Pas moins de 16 mesures phares figurent dans ce rapport. La plus importante consiste à regrouper les hôpitaux publics sur le modèle des... communautés de communes (sic) dont on sait qu'avant la fin de cette année elles seront regroupées de gré ou de force par le Ministre de l'intérieur. Les petits seraient fortement incités à fusionner sous la houlette d'un grand hôpital voisin ce qui facilitera les déplacements. Celui-ci contrôlerait les investissements, la répartition des médecins, la logistique, assurant également la chirurgie et les accouchements, les petits hôpitaux se transformant en "maisons de santé" ou en établissements d'accueil de personnes âgées. Les regroupements seraient, assure le rapport, optionnels et assortis... d'aides financières. Mais si l'objectif est de réorganiser les soins sans pertes d'emplois dans les petites villes, cette réforme accélèrerait les fermetures des blocs opératoires de petites structures hospitalières, jugés peu rentables et moins fiables. Or, ce sont ces fermetures qui souvent, au niveau local, catalysent les oppositions et vont poser des problèmes d'accès aux soins.
LECLERC SE PLACE
Dans le domaine de la concurrence on va tenter d'ouvrir le marché du médicament en s'appuyant sur les coups de boutoir de Michel-Edouard Leclerc. Les Centres Leclerc réclament le droit de vendre des médicaments sans ordonnance dans leurs parapharmacies. Comme le gouvernement, dans son plan d'économies, n'épargnera pas la santé, Michel-Édouard Leclerc joue sur du velours quand il rappelle que la vague de déremboursement de 2006 avait conduit à une hausse moyenne des prix de 36%. Le 30 mars, laboratoires et pharmaciens ont signé un accord de « bonnes pratiques commerciales relatives à la transparence des prix » des médicaments non remboursables car ils voient poindre le danger dans cette période où tout se déréglemente. « Depuis le 3 janvier, dès que la loi Chatel a été mise en place, les marges arrières ont été totalement réinjectées dans les prix, affirme Gilles Bonnefond, président délégué de l'Union des syndicats de pharmaciens d'officine (USPO). C'est une baisse de prix de 8% sur les médicaments concernés (les génériques surtout) et pour la Sécurité sociale, une économie de 120 millions d'euros. On ne peut pas dire que les grandes surfaces en aient fait autant !»

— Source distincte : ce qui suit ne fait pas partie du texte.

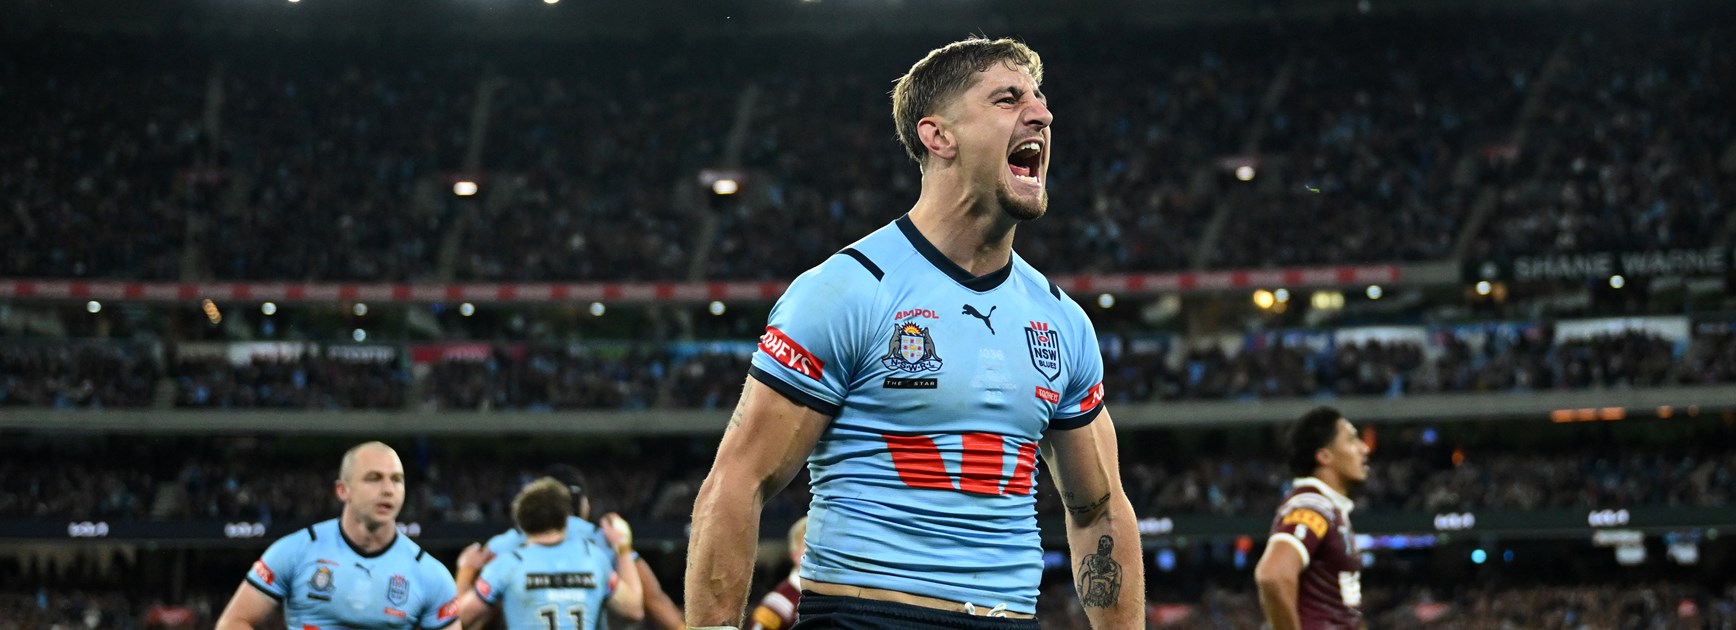 From park footy to Origin arena: Why Zac is set to shine on biggest stage

En quatre ans, l'USPO assure que les prix des cent premiers médicaments de médication officinale n'ont augmenté que de 1%. « Nous avons en France les prix les plus bas d'Europe, assure Philippe Besset, responsable économique à la Fédération des syndicats pharmaceutiques de France (FSPF). Le problème est d'arriver à ce que les Français en consomment moins » Il rend donc les franchises médicales encore plus injustes puisqu'en jouant sur les prix et le profit des « fabricants » et des « revendeurs » on arrive à récupérer autant pour la Sécu. Il ne faut donc pas être dupe de la gouvernance : prendre indirectement ce que l'on prétend ne plus prendre directement (CSG par exemple). C'est à dire que l'on creuse les inégalités dans tous les domaines mais de manière détournée profitant d'un climat de résignation majoritaire dans un pays au bord de la faillite. C'est indolore tant que l'on n'est pas touché. Et c'est là toute l'habileté des décisions consistant à jouer sur l'absence totale de solidarité dans une société du chacun pour soi.
Mais je déblogue...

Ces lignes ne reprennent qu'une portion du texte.